- Digital and CD-only edition cover.

Single by Girls' Generation

from the album Girls & Peace
- Language: Japanese
- Released: June 27, 2012
- Recorded: 2012
- Genre: Electropop; R&B;
- Length: 3:47
- Label: Nayutawave
- Songwriters: Fredrik Thomander; Johan Becker; Junji Ishiwatari;
- Producer: Miles Walker

Girls' Generation singles chronology
| "The Boys" (2011) | "Paparazzi" (2012) | "Oh!" (2012) |

Music video
- "Paparazzi" on YouTube

= Paparazzi (Girls' Generation song) =

"Paparazzi" is a song recorded in the Japanese language by South Korean girl group Girls' Generation for their second Japanese-language studio album, Girls & Peace (2012). It was released as the album's lead single on June 27, 2012. Written by Fredrik Thomander, Johan Becker, and Junji Ishiwatari, and produced by Miles Walker, the track was described as an electropop and R&B song.

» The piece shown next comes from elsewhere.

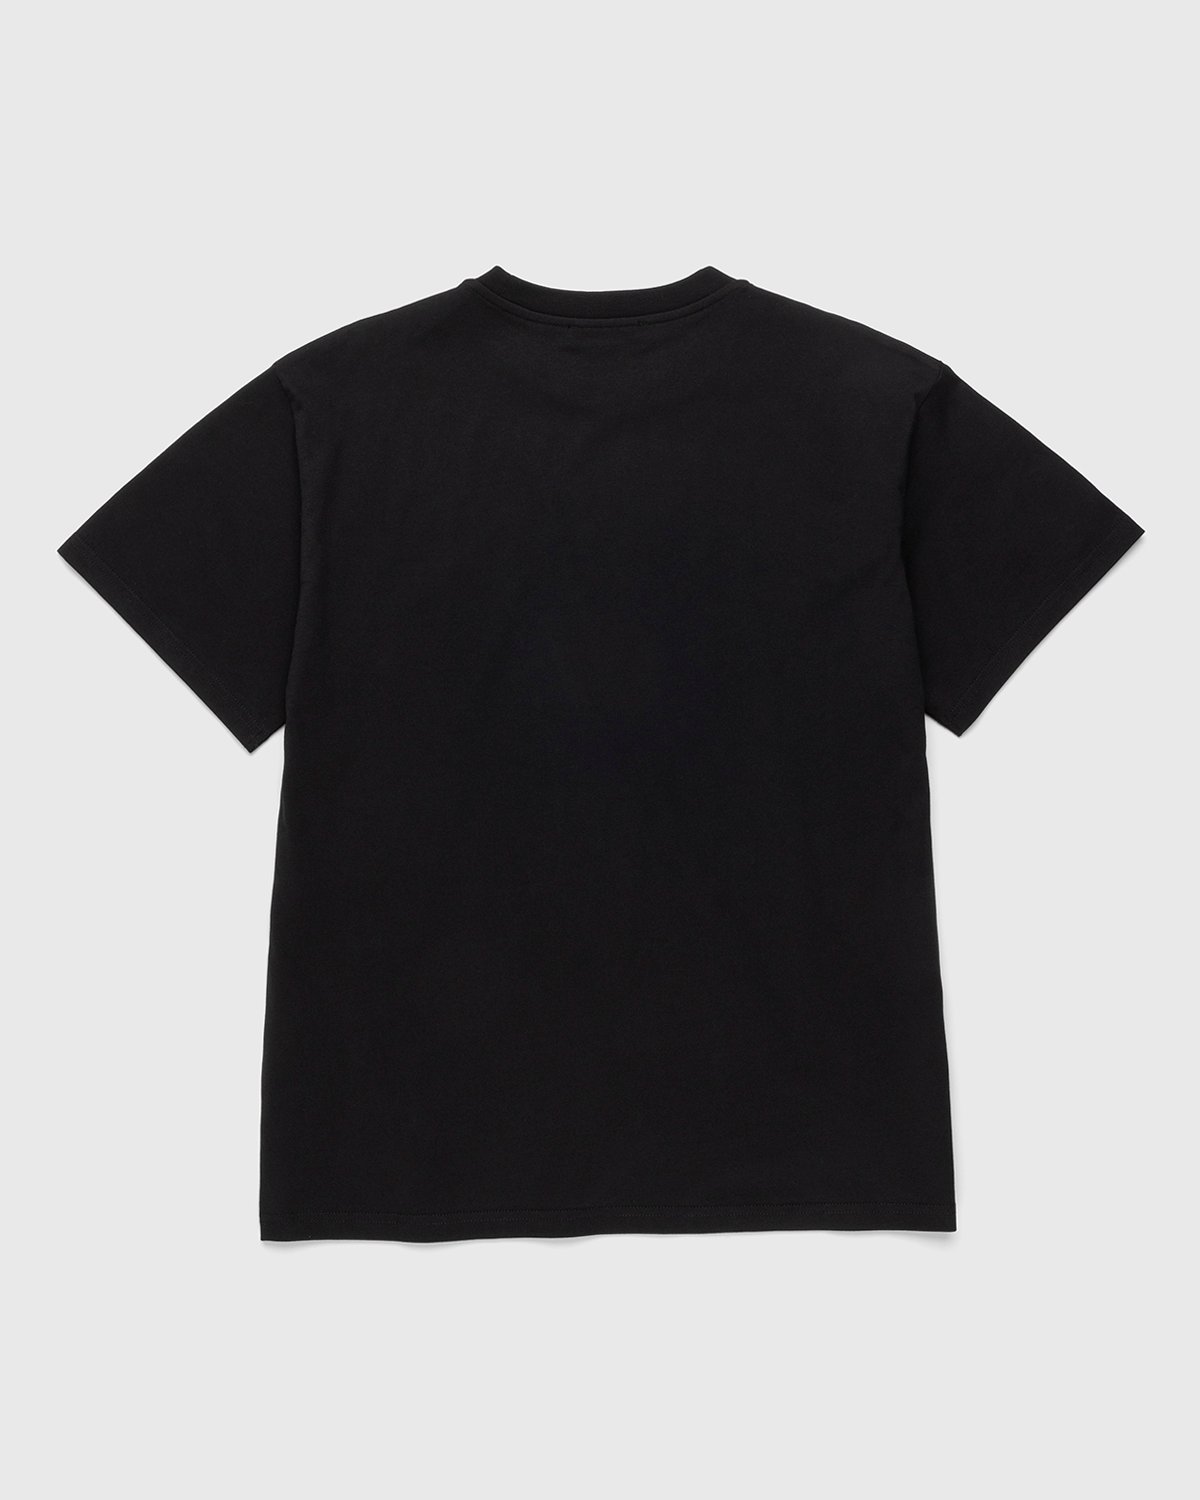 J.W. Anderson - Anchor Patch T-Shirt Black - Clothing - Black - Image 2

To promote the single, Girls' Generation appeared on Japanese music programs Music Station and Hey! Hey! Hey! Music Champ, while a music video for the song directed by Toshiyuki Suzuki premiered on June 10, 2012, to accompany the release of the song.

Upon its release, "Paparazzi" received mixed reviews from music critics, who compared the song to the group's previous Japanese-language single "Mr. Taxi" in 2011. The track was ranked number 19 on Spins list of top 20 K-pop songs of 2012. The single was a commercial success in Japan, peaking atop the Japan Hot 100 and at number two on both the Oricon Singles Chart and RIAJ Digital Track Chart. "Paparazzi" was certified Gold in Japan for the sales of the single's digital and physical release, respectively.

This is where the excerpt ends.